Discovery Mechanism

This part of the discovery depends on whether you are discovering components installed on Windows machines, UNIX-based machines, or Nexus machines. For details on the DFM processes, see:

Note

  • DFM runs through the credentials defined for the protocol and tries to connect successfully through one of them. Whenever there is a successful connection, the discovery remembers the last successful credential and caches it for reuse the next time the discovery is run.

  • If the credentials (last used for this destination) do not exist, DFM iterates through the list of all configured shell credentials.

    DFM uses the following flow for this iteration: SSH, then Telnet, then NTCMD protocol credentials, to try to connect to the discovered destination.

    DFM skips credential entry if the IP Address of the discovered destination is outside the IP range scope of the credential.

    DFM immediately stops using a protocol for the discovered destination if:

    • There is no agent on the remote machine

    • Connection is refused

    • Connection times out

    • There is an IO exception on opening a socket

    DFM stops iteration through the list of configured credentials if:

    • It successfully establishes connection

    • It fails to connect to the discovered destination after trying all configured credentials

Windows Processes

This section describes the part of the workflow that DFM performs for discovering components residing on Windows machines.

  1. DFM discovers host attributes (OS name, version, build number, service pack, installation type). DFM starts by using the first instruction in the following list to discover the host attributes. If that fails, DFM continues to the next:

    1. WMIC "OS" object;

      Full command:

      'wmic os get caption, otherTypeDescription, version, buildnumber, csdversion /format:list < %SystemRoot%\win.ini'

    2. Windows registry;

      Full query:

      HKEY_LOCAL_MACHINE\Software\Microsoft\Windows NT\CurrentVersion VER command; %SYSTEMROOT%\system32\prodspec.ini processing

  2. Define BIOS UUID (wmic)

    Full command:

    'wmic path win32_ComputerSystemProduct get uuid /format:list < %SystemRoot%\win.ini' 

  3. Define the default gateway (netstat).

    Full command:

    'netstat -r -n'

  4. Define the DNS server IPs (ipconfig).

  5. Define the boot date.

    Full command:

    'wmic OS Get LastBootUpTime /format:list < %SystemRoot%\win.ini'

  6. Define the network interfaces. The wmic command is used first because it retrieves more information about the interface. If that fails, the output of the ipconfig command is used.

    1. Querying NICCONFIG object we get information about MAC address, IP addresses, interface description, subnet IPs, dynamic or static flag.

      Full command:

      'wmic nicconfig where "MACAddress <> NULL" get IPAddress,MACAddress,IPSubnet,Description,DhcpEnabled /format:list < %SystemRoot%\\win.ini'

    2. IP filtering. Malformed and local IPs are ignored.

  7. DFM checks whether the destination IP is local. If it is, DFM reports the host and IP only. If it is not local:

    1. DFM reports network interfaces apart from:

      • Interfaces that do not have a MAC address

      • Interfaces that belong to one of the following types: loopback, wireless, virtual, WAN miniport, RAS ASYNC, Bluetooth, FireWire, VPN, IPv6 tunneling.

      • The VMware interface, if ignoreVmwareInterfaces is set to true in the globalSettings.xml configuration file.

    2. DFM reports networks, IPs, and corresponding links.

UNIX-Based Processes

This section describes the part of the workflow that DFM performs for discovering components residing on UNIX-based machines.
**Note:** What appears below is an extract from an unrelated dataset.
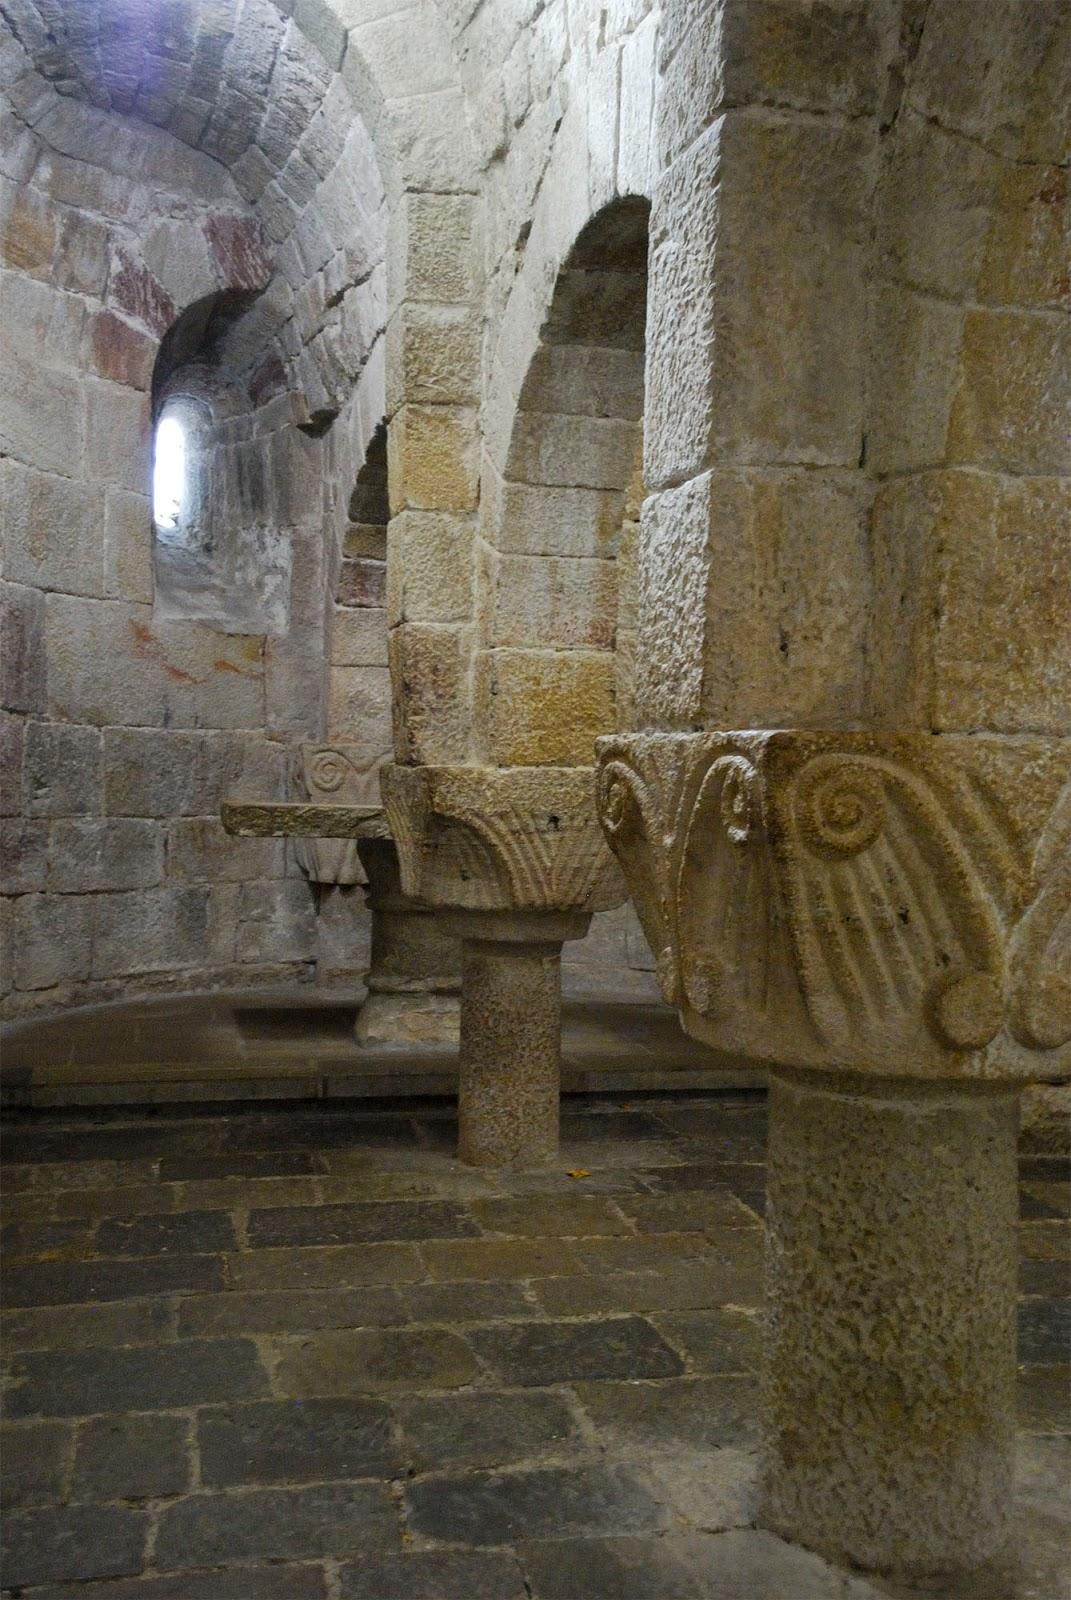 monasterio leyre navarra spain chapel capilla

DFM defines the Operating System. For details, see the descriptions below of what DFM discovers for the following Operating Systems:

Full command:'uname -a'

Note

Before reporting the discovery, DFM makes the following verifications:

  • If the destination IP is a virtual address, only the IP and host are reported.
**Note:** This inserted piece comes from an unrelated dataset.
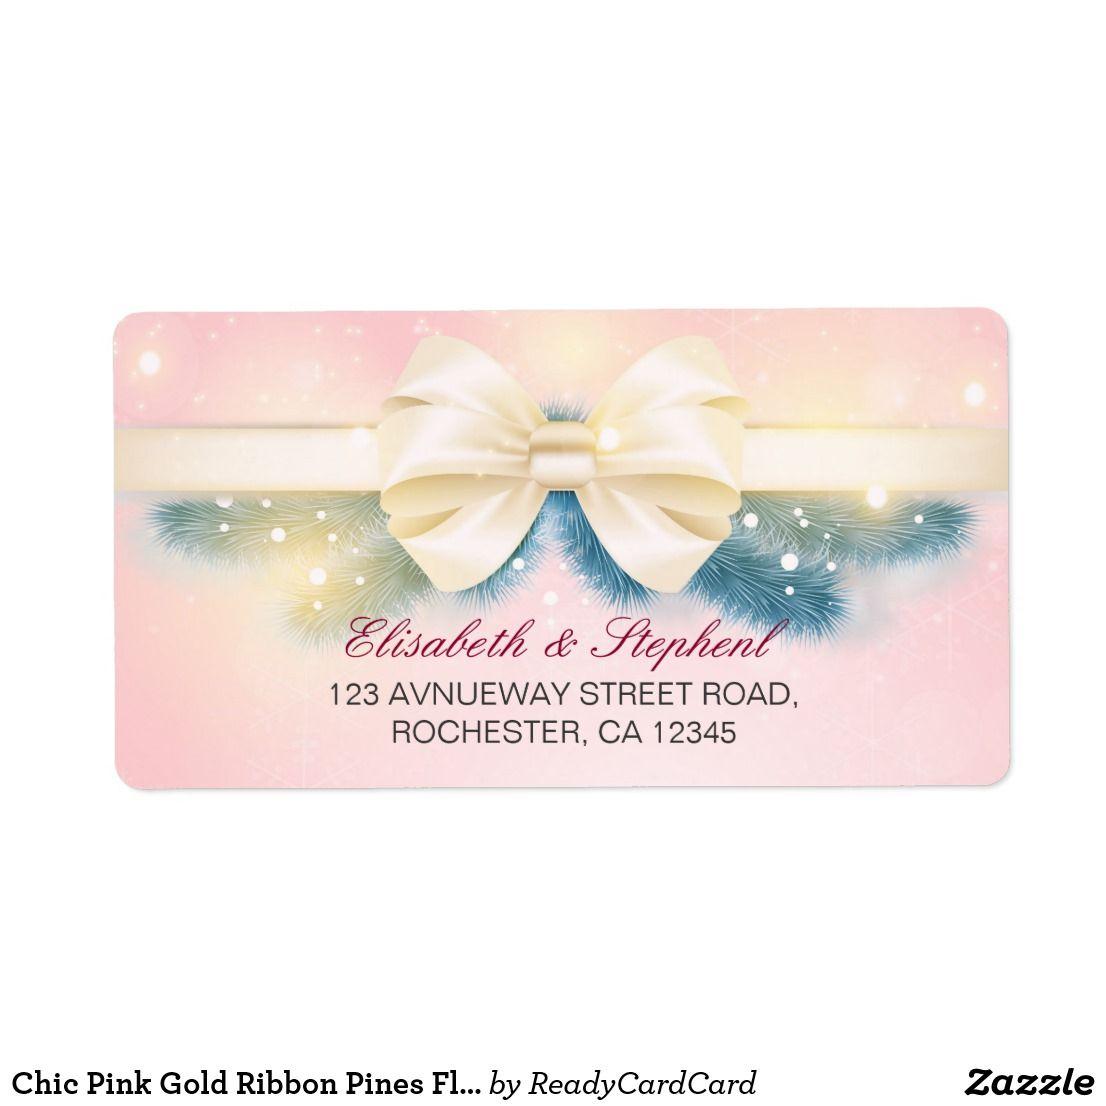 Chic Pink Gold Ribbon Pines Fl Wedding Address Label Elegant Vintage Modern And

  • In the case of the ZLinux OS, when the host model is s390x, the host is defined by the IP and domain name.

  • If the interface has an invalid MAC address, DFM does not report it.

Nexus Processes

This section describes the part of the workflow that DFM performs for discovering components residing on Nexus machines.

  1. DFM gets the host name using the command sh hostname.
  2. DFM gets version, build and feature information for the switch using the command sh ver.
  3. DFM gets dns server and local host data using the command sh hosts.
  4. DFM get interface and configured IP information using the command sh int.